3 Sons BBQ is one of two other other businesses in the building.

The property was sold to Eat Em Up Acquisitions LLC, managed by Mark Smith, who said he has been active in local real estate for years.

The property was sold by LPC 28th Avenue LLC, which purchased it in November 2012 for $560,000, records show. The entity is managed by Jon Hauser, managing principal of Denver-based Drake Real Estate Services. Drake, in turn, is affiliated with Little Pub Co., which has operated the Whittier Pub.

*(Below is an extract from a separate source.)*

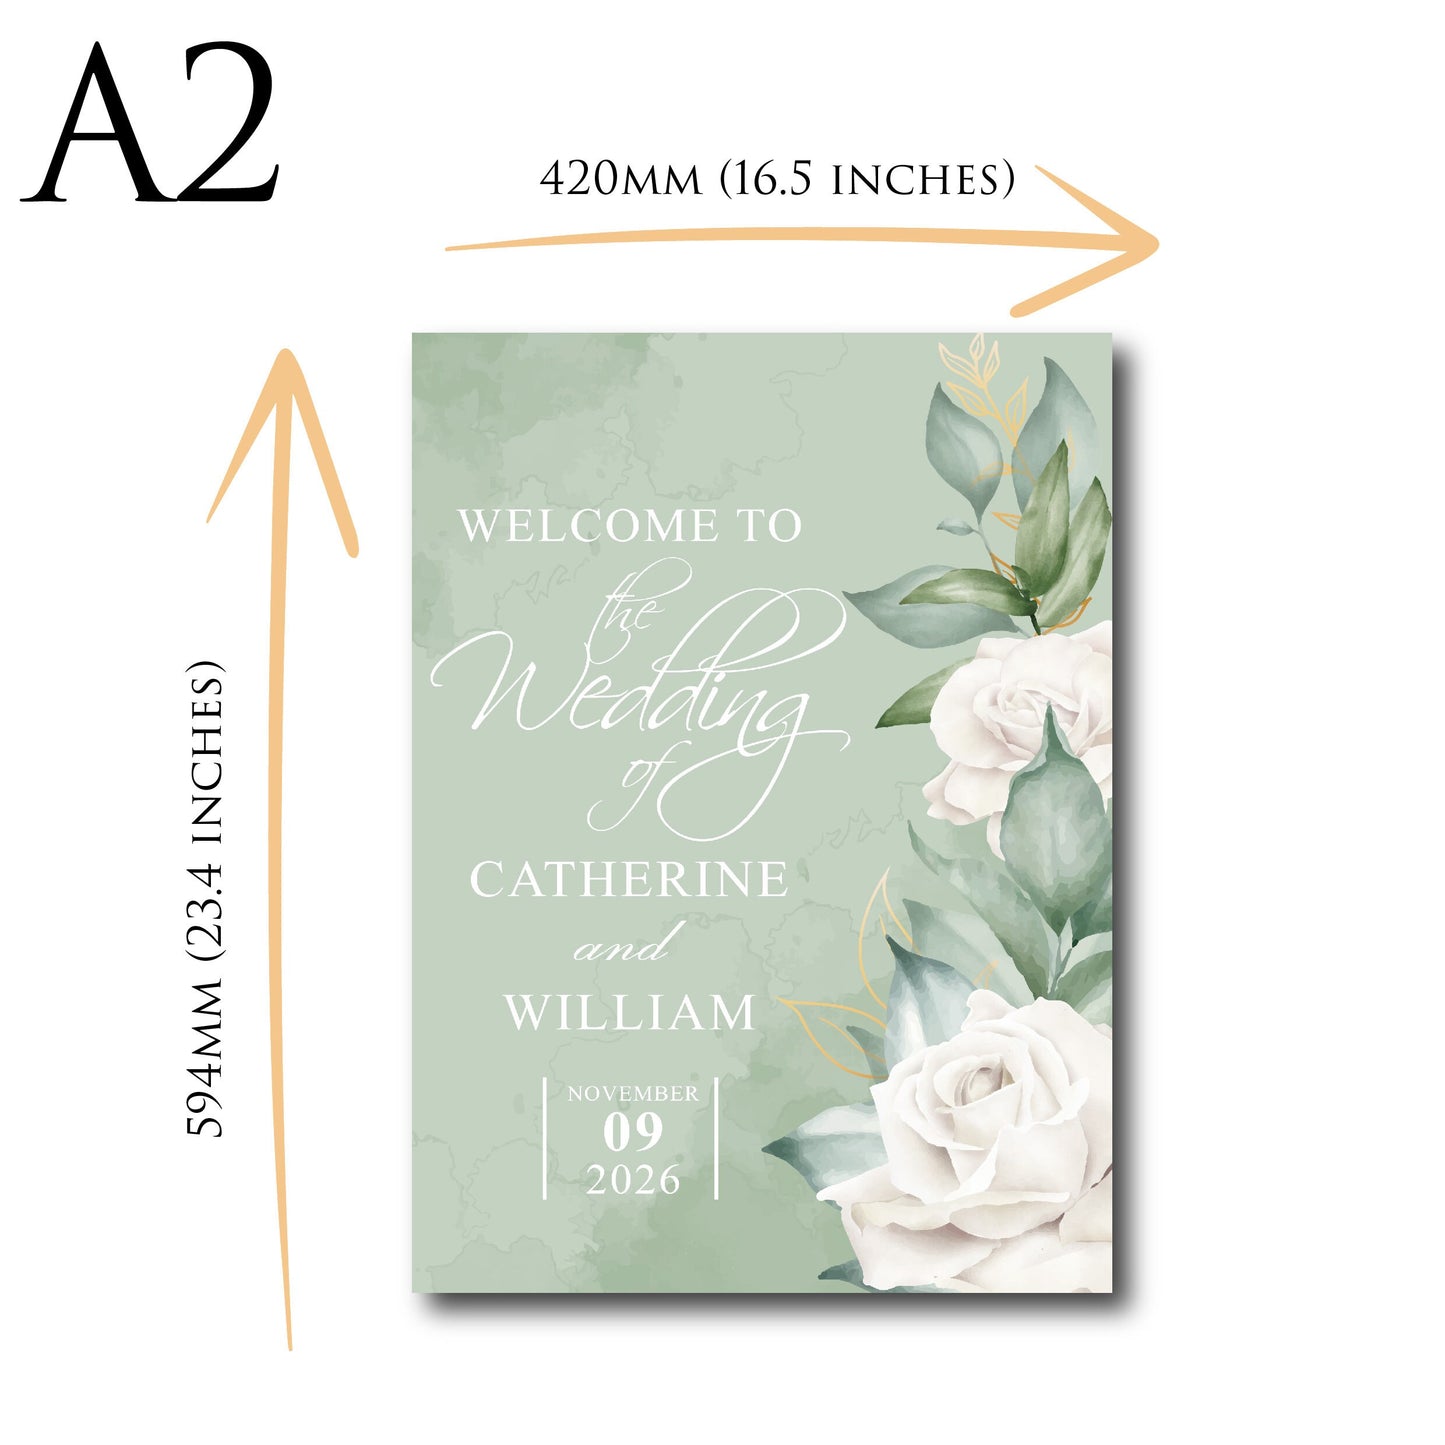 Personalised Wedding Welcome Sign TLPCW003 Physical or Digital, A1 or A2 Portrait Welcome Board for Wedding Easel, Welcome for Wedding,

At the end of December, Hauser applied to the city for a certificate of demolition eligibility for the property, a designation that makes it easier to demolish a structure within five years. City staff determined the property had the potential for historic designation, and signage about the request was posted at the site.

Hauser last month told Denverite, which reported on the signage, that he had no plans to demolish the structure. He said he wanted to refinance, and getting the designation would give him a more accurate view of his property’s value.

Hauser subsequently withdrew his application, the city’s website shows.

Smith, the building’s new owner, told BusinessDen Thursday that Hauser applied for and then withdrew the designation on his behalf. Smith said he has no immediate plans to demolish or significantly alter the building.

“I like the look of the building and so forth, and I don’t really have any reason to demolish the building,” he said. “I like to preserve things as best as possible.”

That said, Smith acknowledged that he is “looking to possibly get more use out of the property.”

“My intentions are not to get rid of any retail,” he said. “My intention is to add to it.”

Smith said the decision to withdraw the request was made after meetings with city staff, and neighborhood and historically minded groups.